Much research has been undertaken to characterize the propagation characteristics of construction spaces primarily focusing on the finished industrial spaces. While it is important to understand all of the impacting factors of a work zone, we must be careful to capture the factors such that they minimally overlap in their impacts on wireless system performance. This approach is synonymous with maintaining the linear independence of variables in a system of linear equations, and we attempt to maintain this independence throughout this work.

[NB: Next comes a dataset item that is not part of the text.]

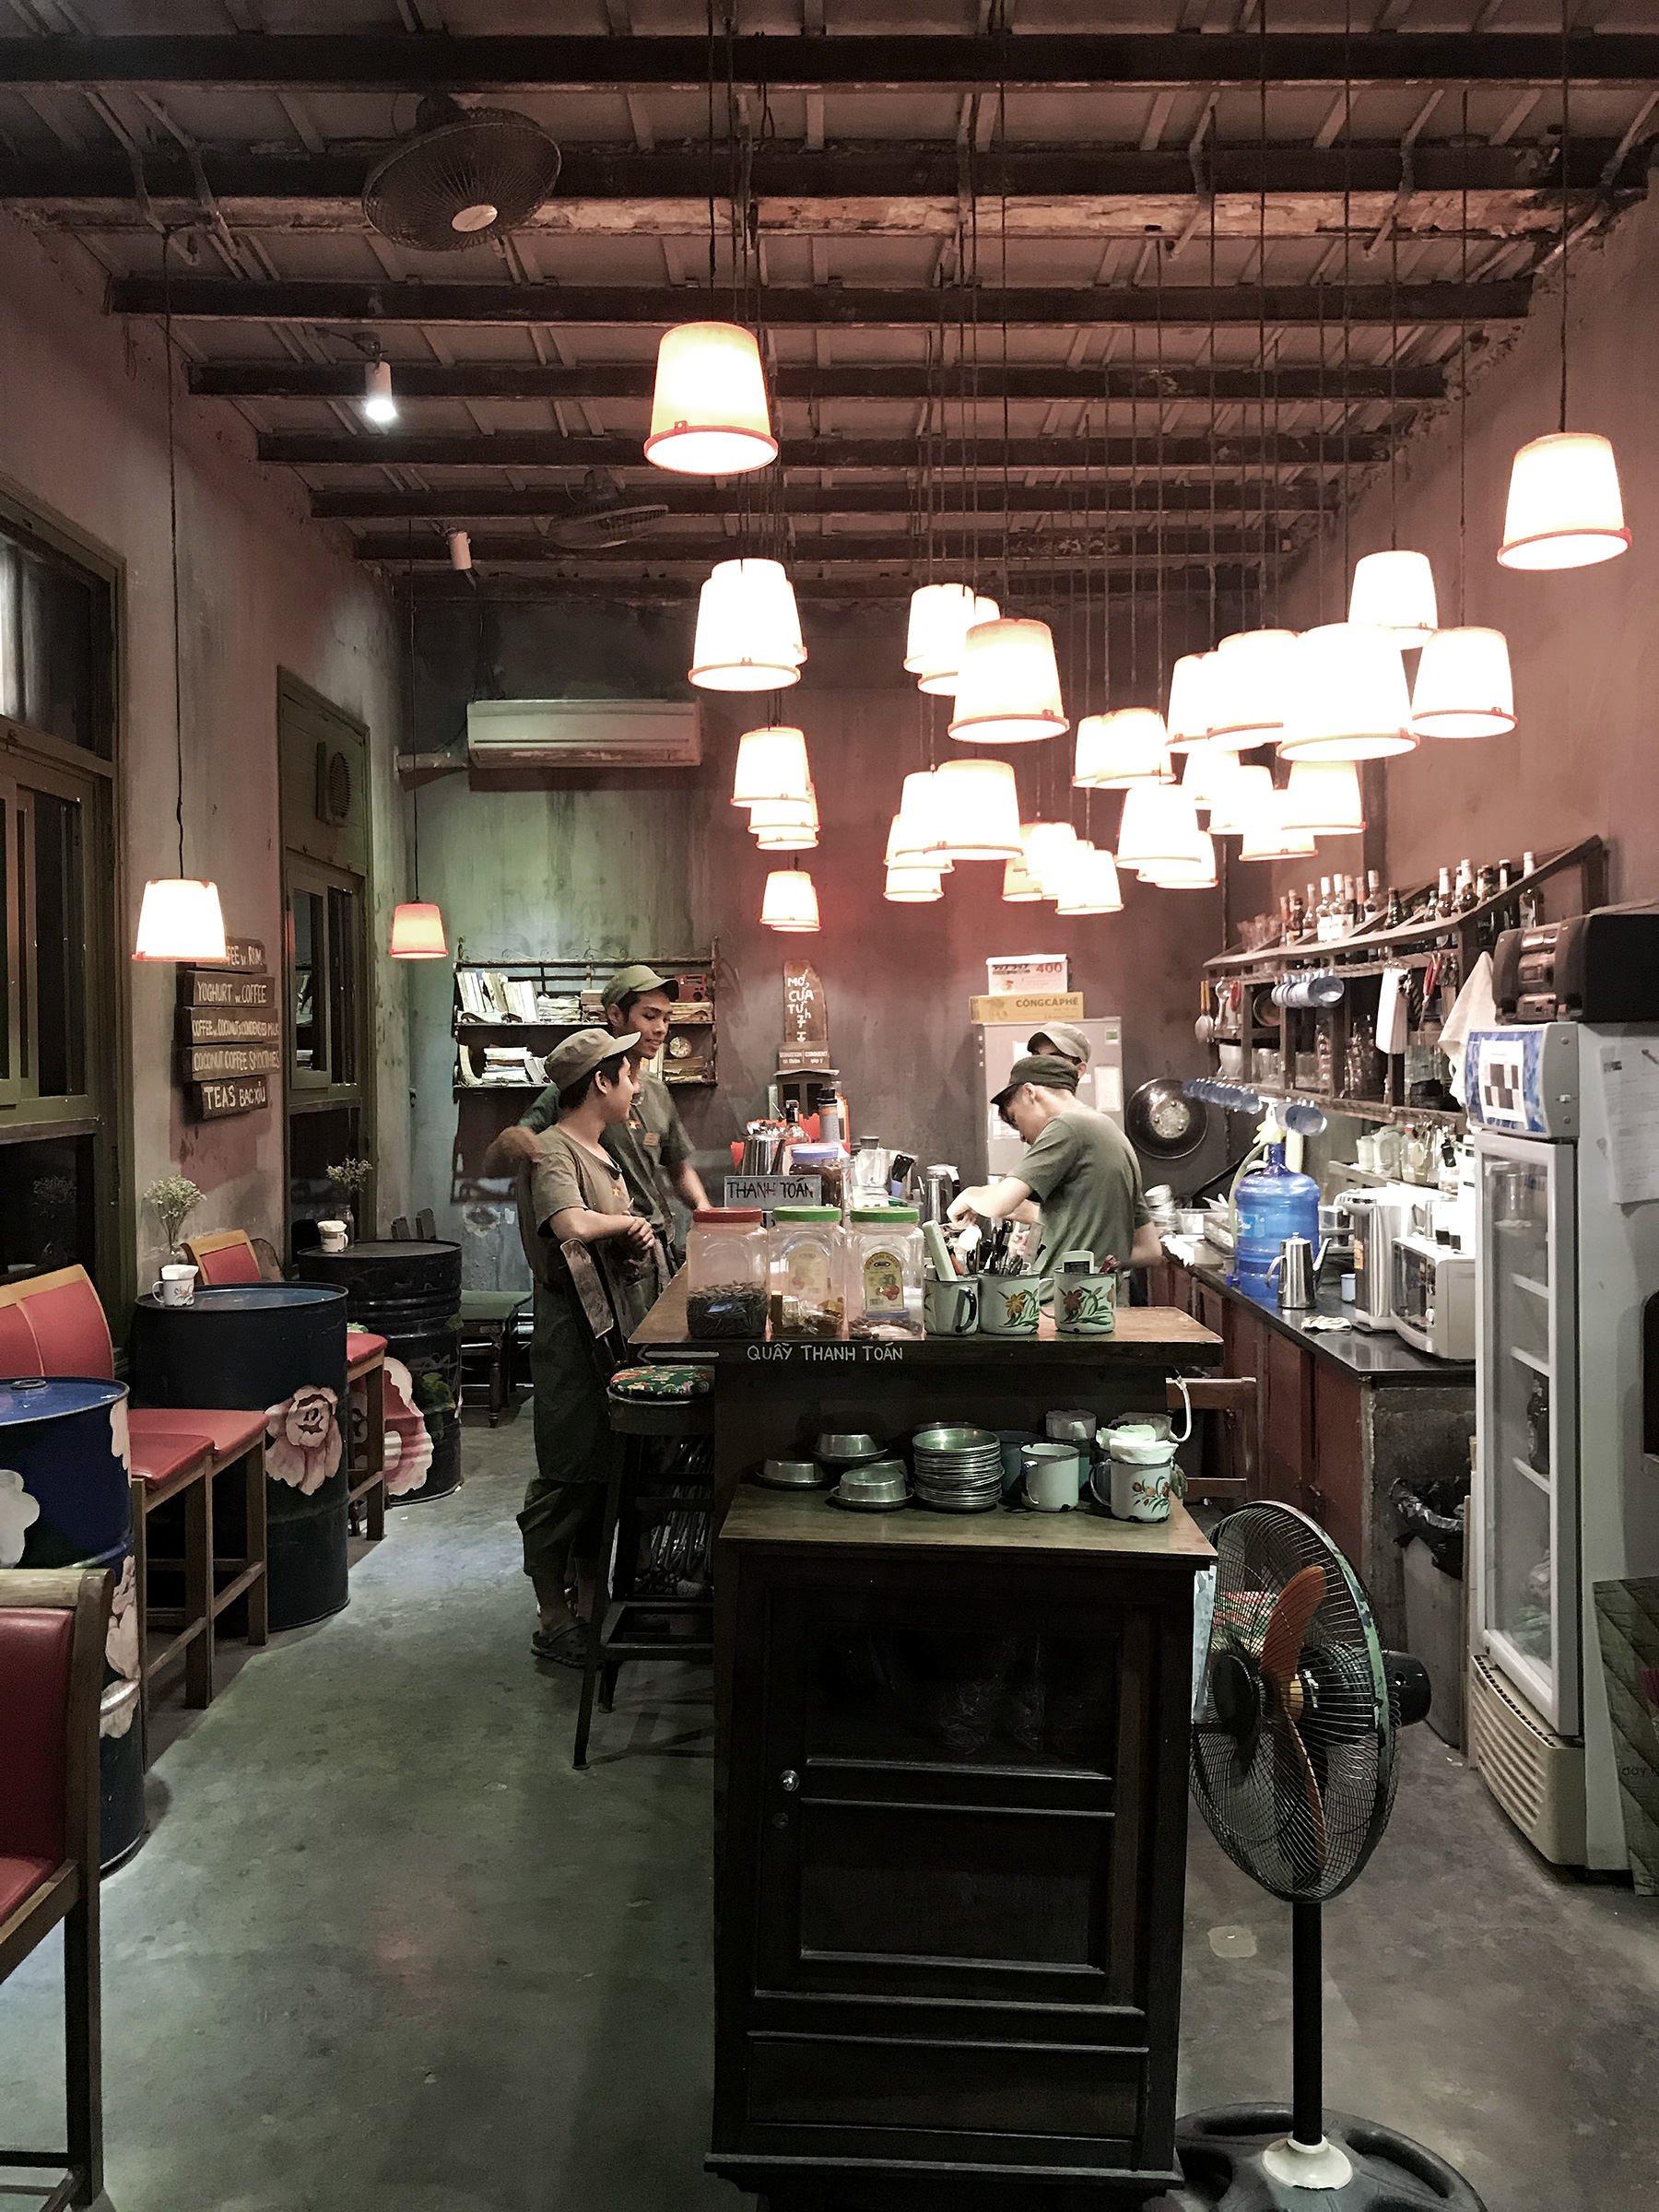 CONG CAPHE - MILITARY INSPIRED CAFE HARKING BACK TO WAR-ERA VIETNAM

We should also note that the focus so far has been on the physical environment, yet construction has other factors that can otherwise degrade the performance of the construction network such as radio frequency interference from welding, unshielded power electronics, and co-existing network traffic. Additionally, the impact attributes for each scenario were assigned a value for three stages of construction: Early-Stage, Mid-Stage and Late-Stage.
 

5G service categories

Exploring 5G service classes for construction enriches our understanding of tailoring next-generation wireless communications networks to industry needs. Why consider 5G at all? Its versatile wireless technology accommodates diverse communication needs and deployment structures, making it suitable for various construction applications. While other wireless solutions are viable, we opt for 5G stand-alone (SA) private networks for several reasons:

• Firstly, 5G’s built-in determinism, leveraging time and frequency diversity supports channel resource allocation. Spatial diversity is enhanced with multiple-input multiple-output (MIMO) antennas, including massive MIMO systems for optimal device support and beam directionality, ensuring a higher quality of service. 

• Secondly, 5G offers quality of service (QoS) support and flexibility in enforcing reliability policies through different service classes and network slicing.

• Additionally, it supports licensed and unlicensed deployment options, expanding available RF bands and is progressing towards supporting various industrial protocols for improved interoperability in automation systems.

There are three main 5G service categories: enhanced mobile broadband (eMBB), massive machine type communication (mMTC) and ultra-reliable low-latency communication (URLLC). A new service class, reduced capability (RedCap) is emerging that offers reduced capabilities compared to that of URLLC class with less stringent latency and reliability requirements. This makes it more cost-effective and energy efficient.
URLLC, with 1 ms latency and reliability exceeding 99.999%, is particularly relevant for construction applications. However, considering cost and battery life, RedCap may become a preferred choice for some applications.  URLLC achieves low latency by allowing transmissions to interrupt lower-priority ones through the mini-slot concept and periodic grant-free transmission. URLLC can support connectivity for automated guided vehicles, mobile robots, teleoperated heavy machinery and safety equipment in various construction scenarios.

The eMBB category, with peak data rates up to 10 Gbit/s, benefits high-data-rate applications like augmented reality and remote operation video feedback. The mMTC category, with a node density of up to 100 nodes/m2, is suitable for massive wireless sensor networks, site 11 asset management and various monitoring applications.